So while the olive oil pricing crisis grinds through its fourth year and producers in Europe continue to sell olive oil for less than it costs them to make, the average price paid for extra virgin olive oil labelled “Made in Italy” continues its incredible climb (up 45 percent in a recent IOC report).
But suddenly olive oil companies in Italy and Spain and distributors of European foods are introducing olive oils with a surprising new selling point: Made in California.
Last month at the Fancy Food Show in Washington, the Italian olive oil producer Colavita launched olive oils made in California and Australia; Star Fine Foods, a division of Spain’s Borges Group, has introduced an Arbequina from California’s Central Valley; Zoe, an importer and distributor of Mediterranean products, is offering a new California extra virgin, and other major European companies are in the process of developing their own California brands and production facilities.
What’s going on?
Even if they are the new kids on the block, American and Australian olive oil producers have been playing hardball. They’ve underwritten studies critical of imported oils, lobbied for new standards that make life harder for European producers and they’ve been all over the media to urge everyone to buy domestic.

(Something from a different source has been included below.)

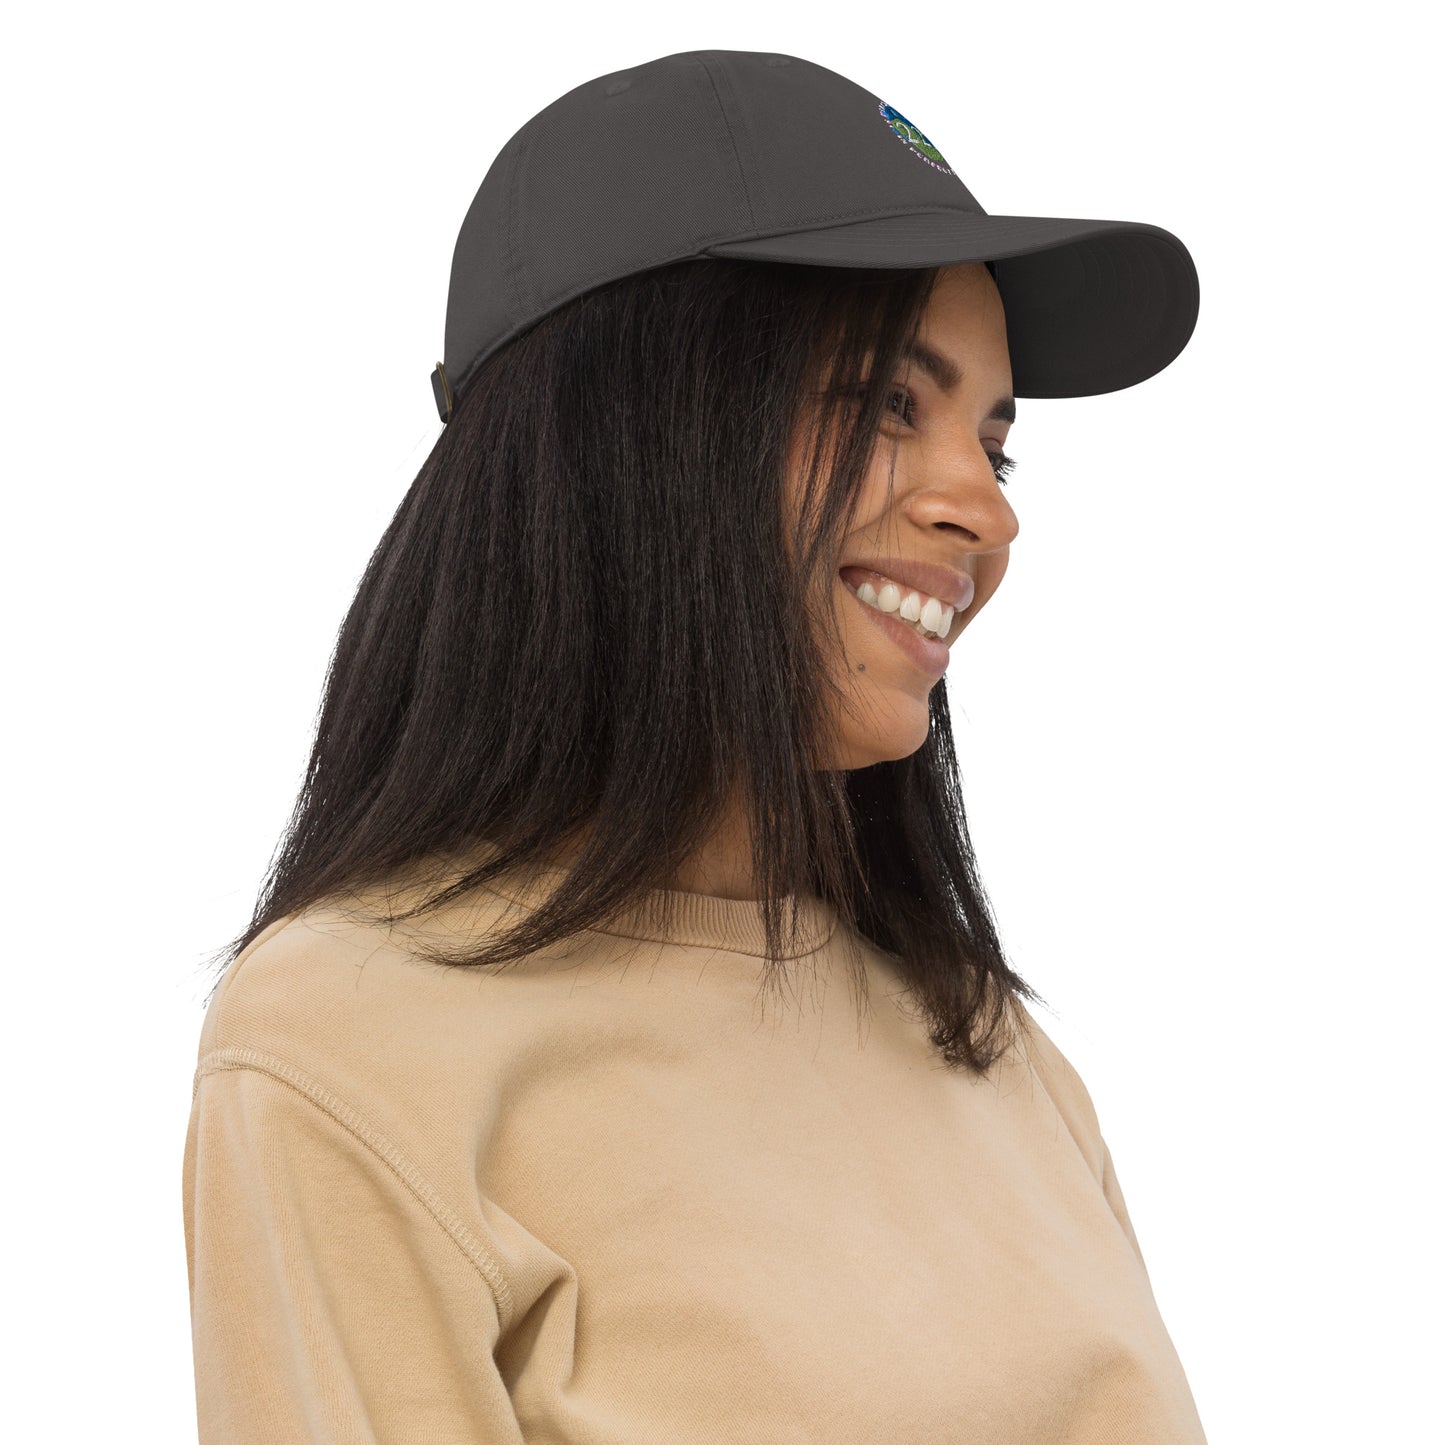 In Perfect Balance 222 Angel Number Organic Cotton dad hat

But it’s not just in the New World where studies and investigations have been highlighting quality issues with Mediterranean brands. Media everywhere seem to be piling on with taste tests, reports of scandals and analyses of supermarket olive oils made in Spain, Italy, Portugal and Tunisia.
California’s mostly small producers craft high quality olive oils that have enjoyed growing popularity among consumers and EVOO competition judges alike, not to mention a clean record.
So now, some of the biggest olive oil companies in the world are saying “okay, we can do California, too.”
When asked about Colavita’s new launch, an executive from a major California olive oil company was fine with the idea, saying if an Italian company wanted to spread the word about the high quality of California olive oil, all the better for him (the executive said his company was not the one supplying Colavita, for example, but said there were only a small number of companies of sufficient size to do so).
Another outcome of Big Oil’s California dreamin’ will be a higher public awareness that there are differences in olive oils, and that origin matters. That kind of added value might be what ultimately saves producers everywhere.
But it also confuses matters, and confusion has long been exploited by unscrupulous operators. Even if an Italian producer, for example, has olives pressed into good oil in Modesto, California, what happens between there and where it is consumed is still anyone’s guess.
In fact, what you hear most from Australian and Californian producers is not that their products are better because they’re from Victoria or the Central Valley, but because they’re fresh and local — points that clearly resonate with consumers these days.
But by the time Colavita ships EVOO from the Port of Oakland or Los Angeles, half-way around the world to its bottling plant near Rome, and back again to one of the 85 countries where the brand is distributed, the olive oil will have logged a lot of miles.
If European mega producers bring the same practices to their California outposts that got them in trouble in the first place, Made in California could become another watered-down origin designation.
The new products underscore the challenges of an industry undergoing sweeping changes, and the growing opportunities in the world market when most consumers are only beginning to learn about olive oil and what it means for health and the enjoyment of foods.